Soon it may be hard to buy a bed at the furniture store.

The immigration agency "is inundated with detainees," Waters said. "If I had 100 more beds, they'd fill them."

Was that Waters at the Goodwill scoping out the used beds?


Advocates Speak Out


"Immigration detention is civil, not criminal," said Ahilan Arulanantham, a staff attorney with the American Civil Liberties Union of Southern California. "If you are holding them in the same place, that distinction is meaningless."

Even though the cities may benefit financially, the savings do not get passed along to taxpayers, he said. "We're still paying for it," he said. "It's still a waste of resources to detain people who do not need to be detained." Especially when placing ankle monitors on the detainees could save taxpayers about 90% of what it costs to currently hold the detainees in jail.
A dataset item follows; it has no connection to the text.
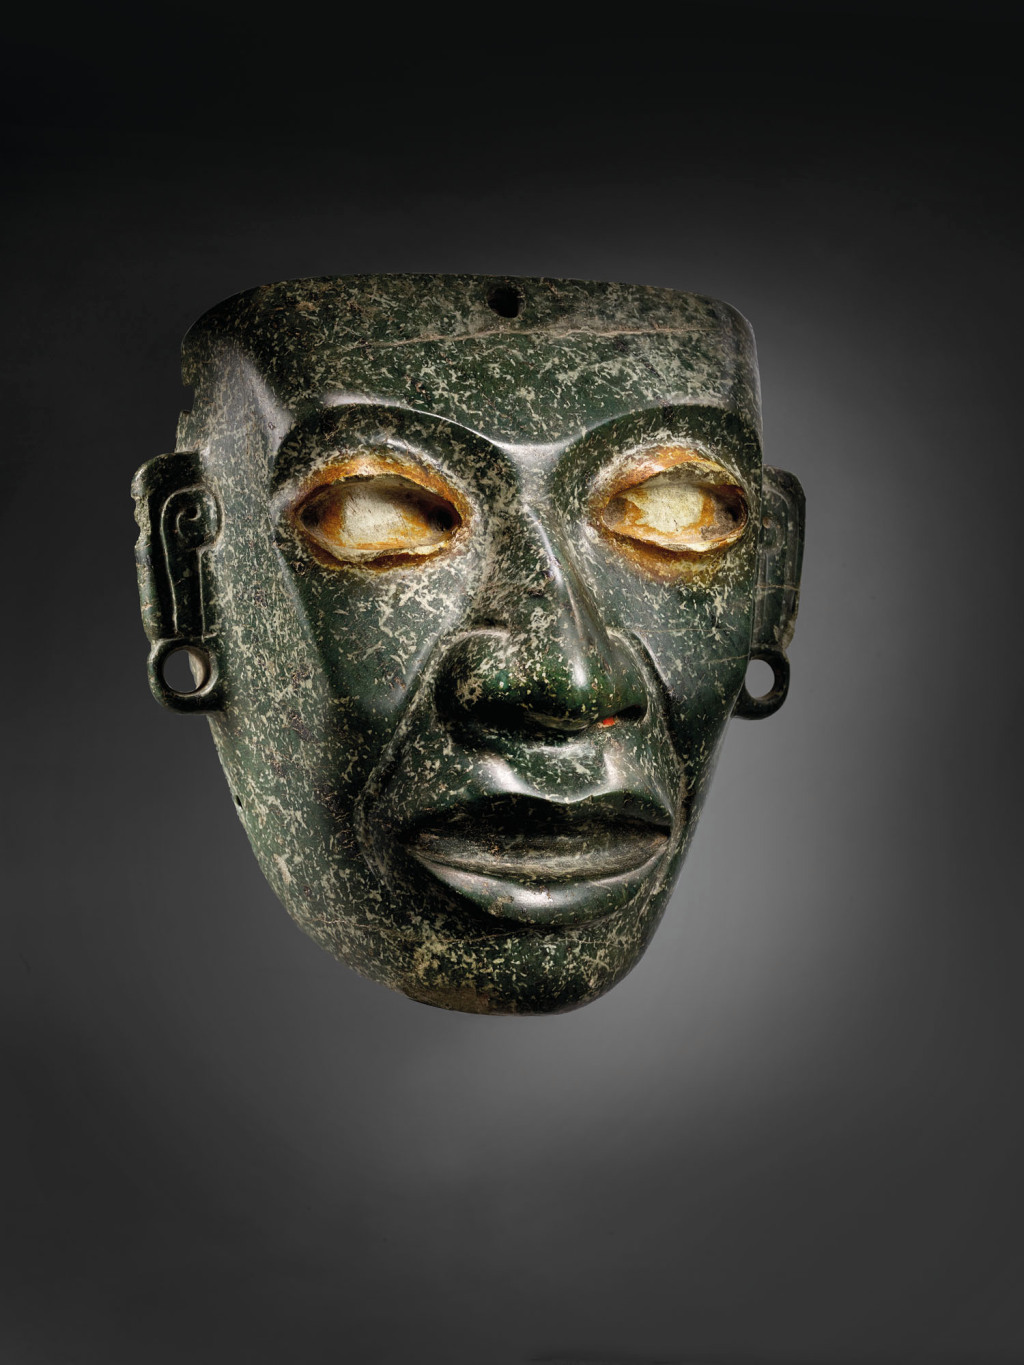 Mexico Files Legal Claim Over Pre-Columbian Art Set to Be Auctioned at Christie’s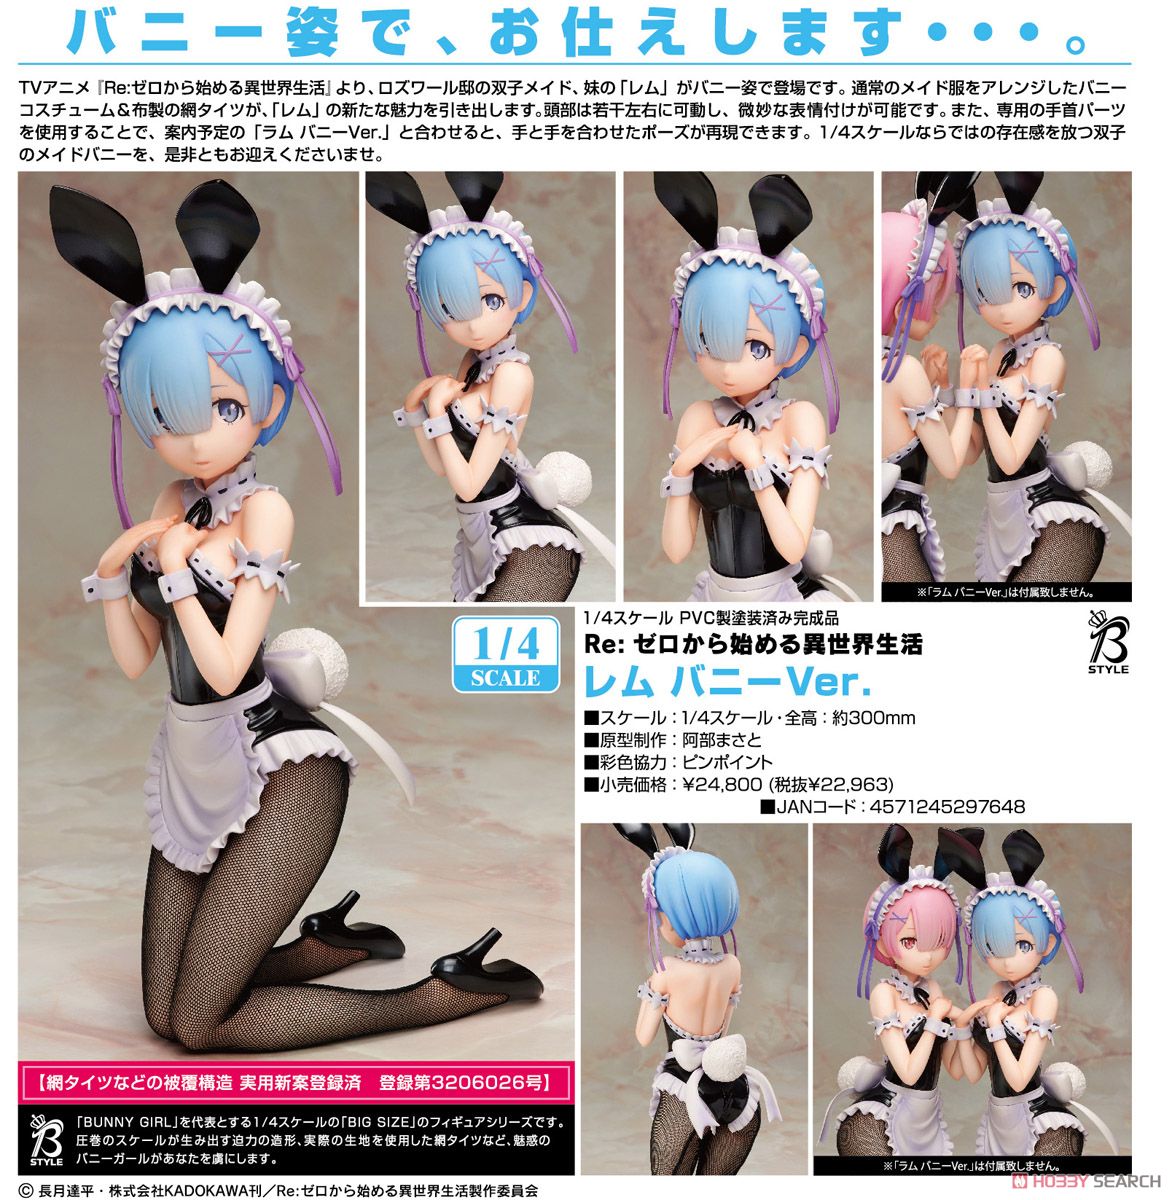 B-STYLE - Re:ZERO -Starting Life in Another World-: Rem Bunny Ver. 1/4 Figur

Claims That the Detention Center are Inspected


"Immigration and Customs Enforcement spokeswoman Virginia Kice said the jails that house detainees for more than 72 hours -- including in Santa Ana and Lancaster -- are subject to "stringent detention standards" and undergo inspection by a contracted company. Other jails are inspected regularly by the immigration agency."

Dona13 had this to add:


After being there 3 weeks, being in the hostital the 2nd time with a miscarriage (I didn't know I was pregnant) and going into a major depretion stage an "ICE" guy came to tell me "you have an automatic extention on your status; we apologize, you may go home"
I believe the reason my extention was the fact that I didn't complain about the "health issues" the same guy had come the day after my miscarriage and asked me what had happen, I told him "I was never pregnant, it was a false alarm, that it was my fault since I was the one that refuse to eat at the other place for 5 days" that is when he volunteer to check on an extention given to Salvadoreans only...
I was one if the lucky ones.
They put you in that 1st room "the cold room" to break your spirit next step is this place where they give you plenty of food and a warm blanket (still no showers or phones) then finally they take you to the place where you are to see a judge and then send back to your country. By the time you get there you are so emotionaly and physicly destroy than when they give you the option to sing "voluntary deportation" or see a immigration judge to fight for the right to be here" most people just want to go home and sing it right away; when I refused to sing they made it very clear that I was going to be there a long long time... I blocked a lot of things out... But I want to go back and remember places, I've keep in touch with a few of the girls I met there, one is in El Salvador the other one Honduras... We spend the days talking about shoes, clothes, guys whatever would make us forget where we were, we got to the point where we didn't know if it was day or night the lights were always bright.